The decision is made automatically, but it isn't a black box. The results page shows you a timeline strip with each segment colored by which layout was picked. Scrub through it, see exactly what was chosen where. If something feels off, you can see why before you ever export.
We export caption files (SRT, VTT) alongside the rendered MP4. If you cut in Premiere, DaVinci Resolve, or Final Cut, you can pull just the subtitles into your existing project — no need to re-render the whole video on our side.
AI Dubbing
The shortest section, because the feature is simple on the surface — but the one I think is most underrated.

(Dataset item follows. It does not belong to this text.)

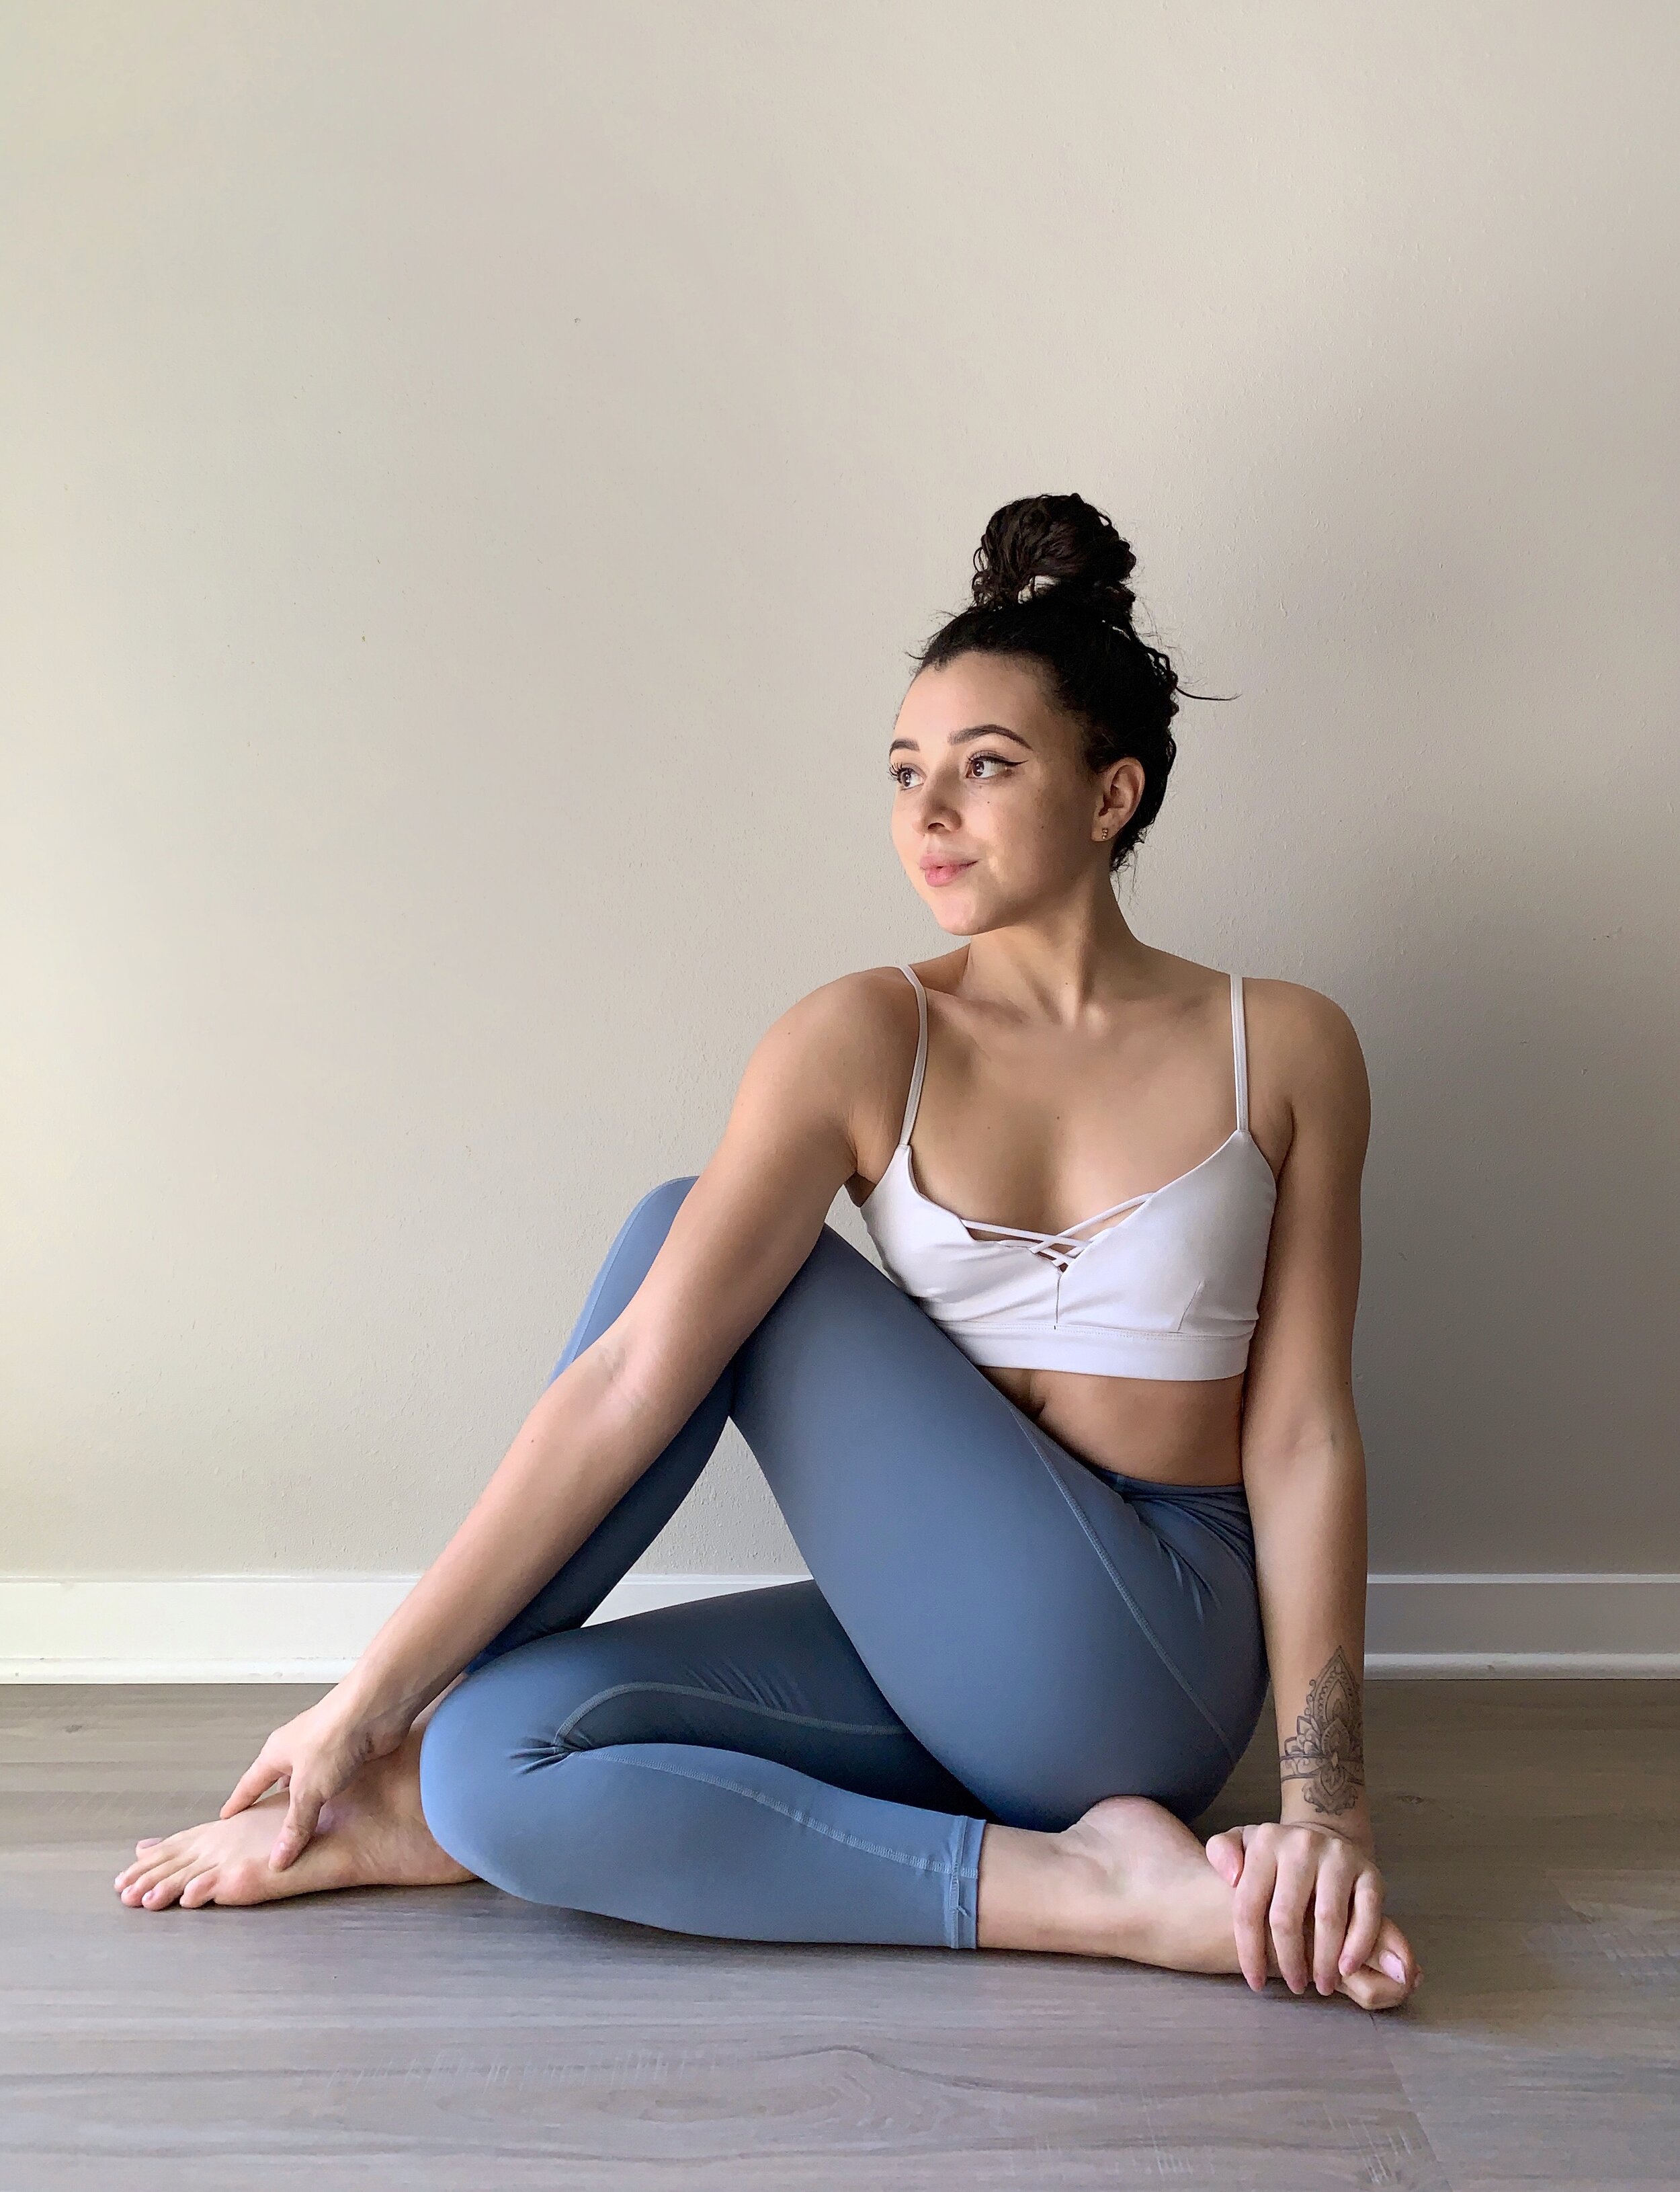 10 Yoga Poses for Beginners | Swami Ramdev - YouTube-nttc.com.vn

You upload a video. We translate the spoken content into the target language, generate a dubbed audio track in a voice that matches your speaker, and align the new audio against the original video. By default, the new track preserves the qualities of the original voice across the new language, so the dubbed version sounds like them, not like a generic narrator. You can also pick from a set of stock voices if you'd rather.

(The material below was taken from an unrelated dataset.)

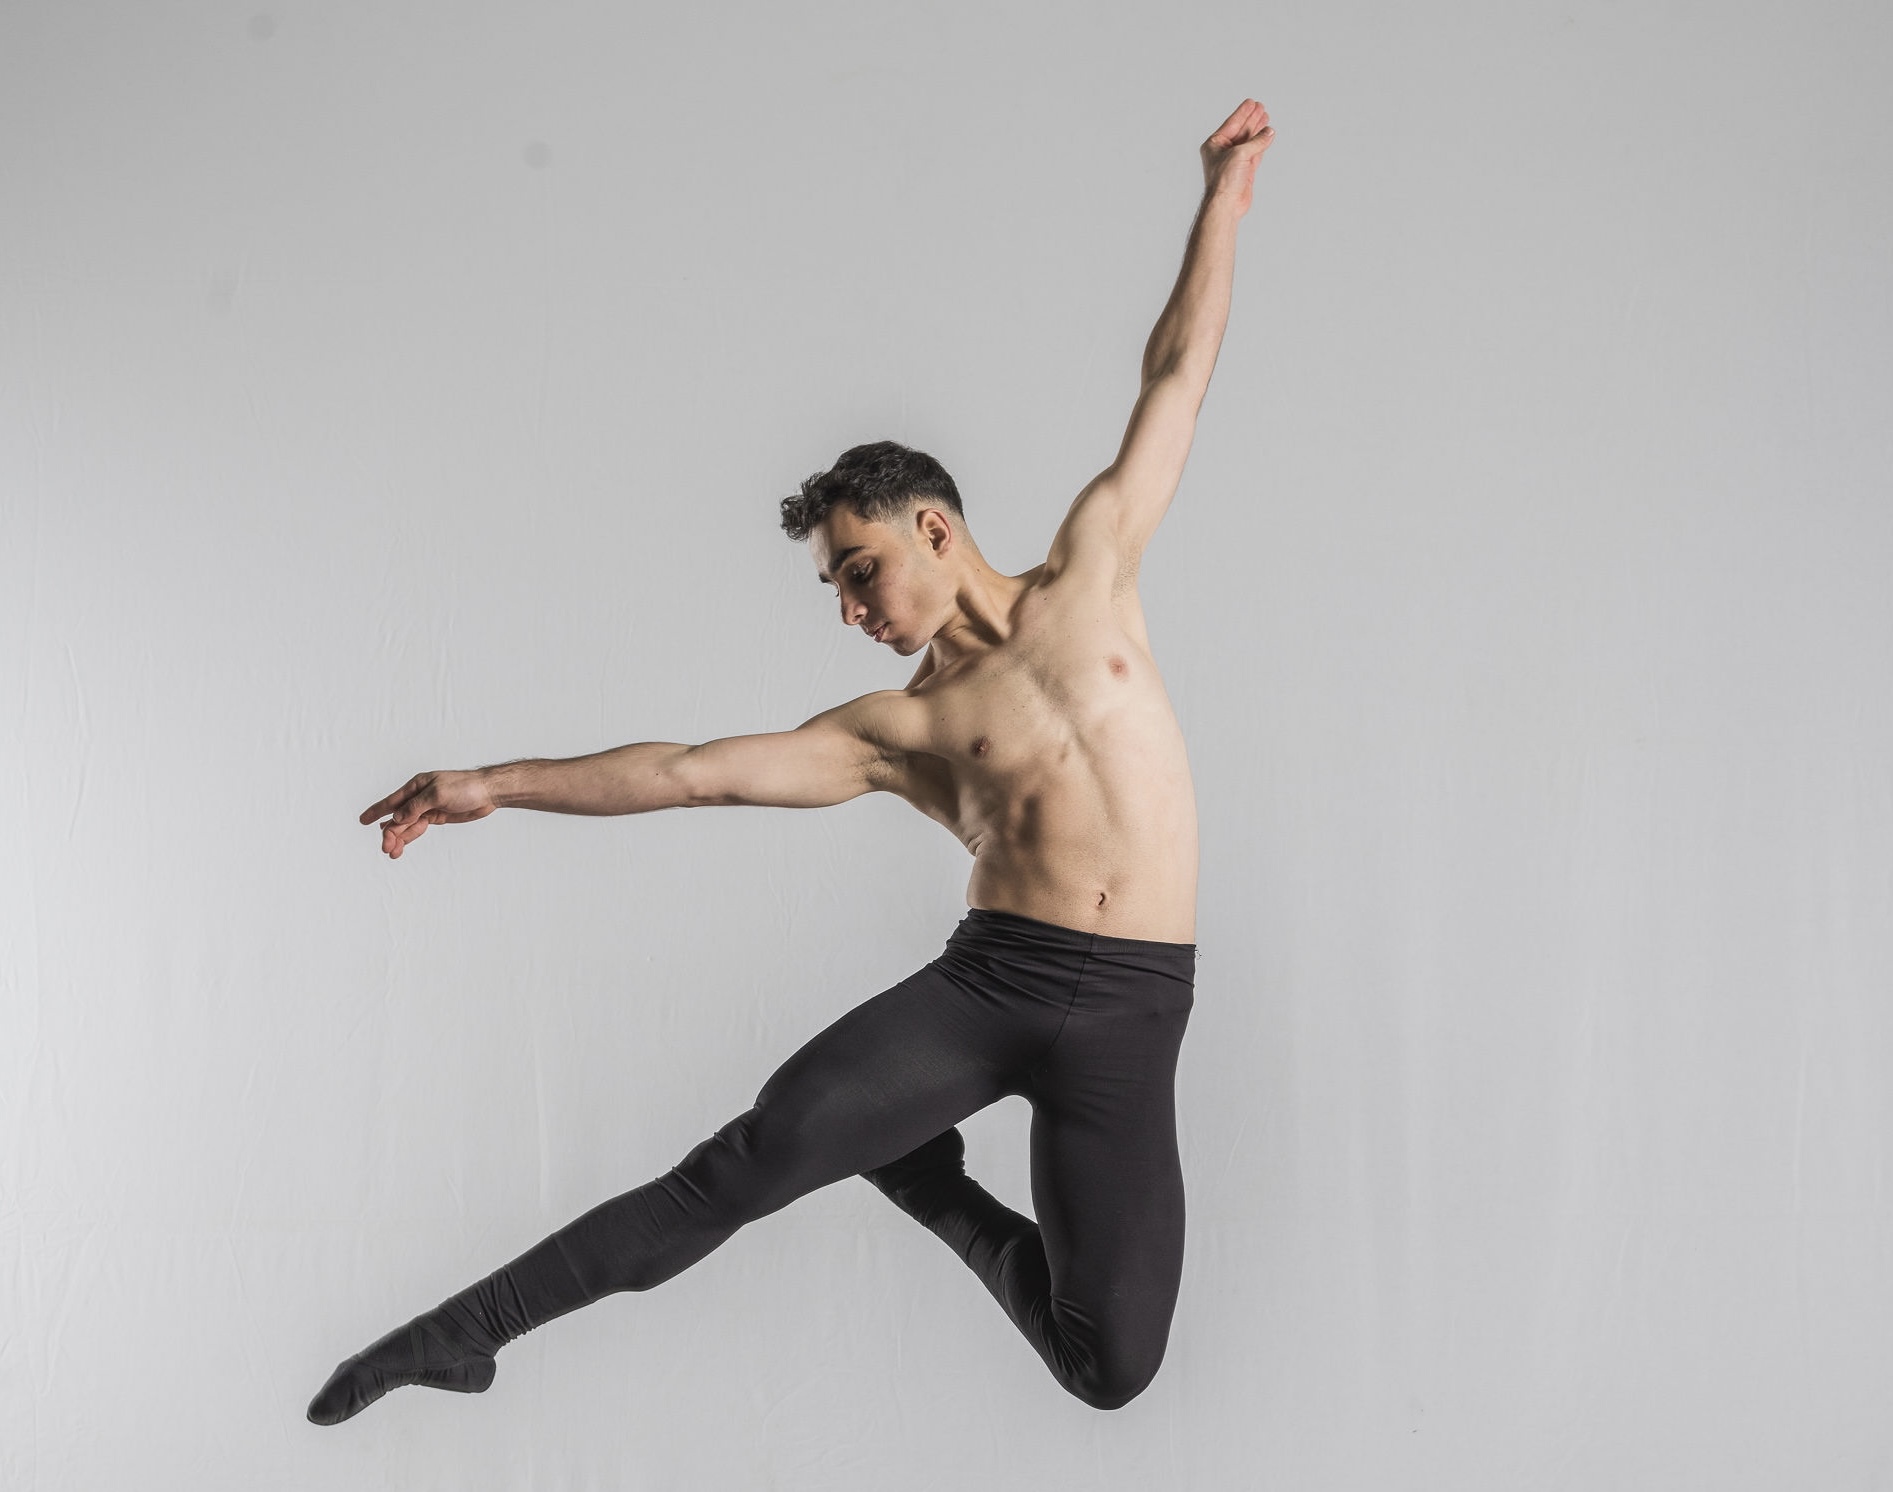 Poses de bailarinas | Ballet poses, Dancing drawings, Ballet drawings

Right now we ship ten target languages: English, Chinese, Japanese, Korean, Spanish, French, German, Italian, Portuguese, Russian. We picked these based on where short-form distribution is actually growing — not just where the audience exists, but where creators are publishing in those languages and getting view counts. We'll add more as we're confident the voice quality holds up.
Who this is for: anyone who's already getting views in one language and wants to test whether the same content works in another. The cost of trying — both in time and in money — used to be high enough that most independent creators never bothered. With this, the answer to "would my podcast pop in Spanish?" is one upload away.
What's Still Rough
In the spirit of every previous post on this blog, here's what isn't great yet:
- Viral Clips works best on conversational content — podcasts, interviews, talk-style videos. Pure tutorials with screen recording or heavy graphics get less out of the ranking, because the model is reading the spoken content, not the visuals. We're working on this.

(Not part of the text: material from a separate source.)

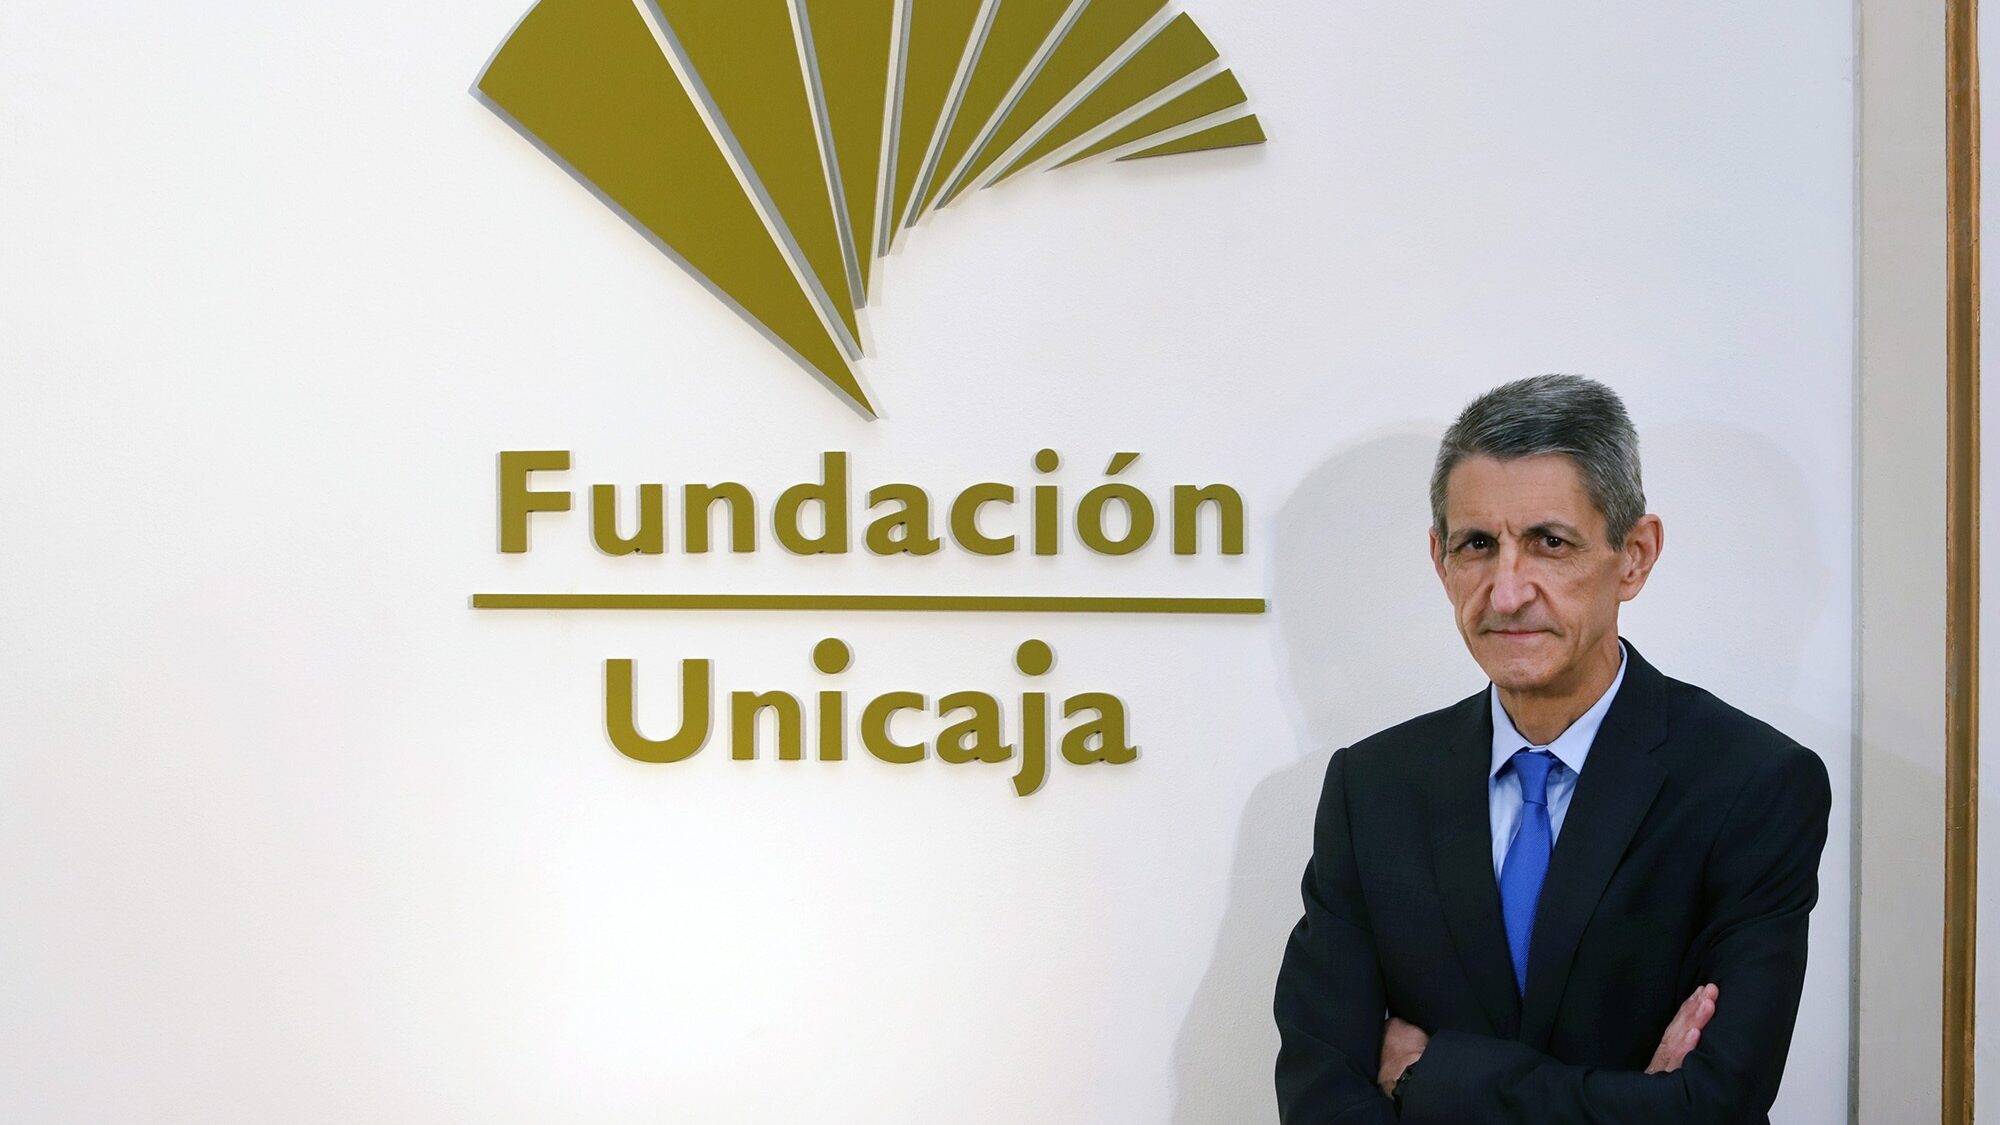 Fundación Unicaja Medel

- Reframe hasn't been stress-tested on every kind of footage. Stage talks with crowd cutaways, gaming clips with face-cam in the corner, reaction videos with picture-in-picture — we don't yet have enough real-world data on how the layout decisions hold up. If yours is one of these and the result feels off, send it to us.
- Dubbing covers ten languages, not fifty. We chose accurate over broad. We'll keep adding languages, but only when we're confident the voice quality holds up.
- Long videos take real time. A two-hour podcast is going to take longer than a two-minute clip. There's a real video being analyzed, segmented, and rendered. We've optimized where we can; we'll keep optimizing.
Try Them
All three are live in the dashboard. Viral Clips and Reframe are included on every paid plan — no per-feature add-on. Dubbing comes with ten free minutes when you sign up, so you can test it on a real video before deciding.
If you've been using CaptionBolt for captions only, the rest of the workflow is now sitting in the same tool, on the same plan. From raw footage to a publishable short — that's what we're trying to make easier.
Captions are still the front door. They're not the whole house anymore.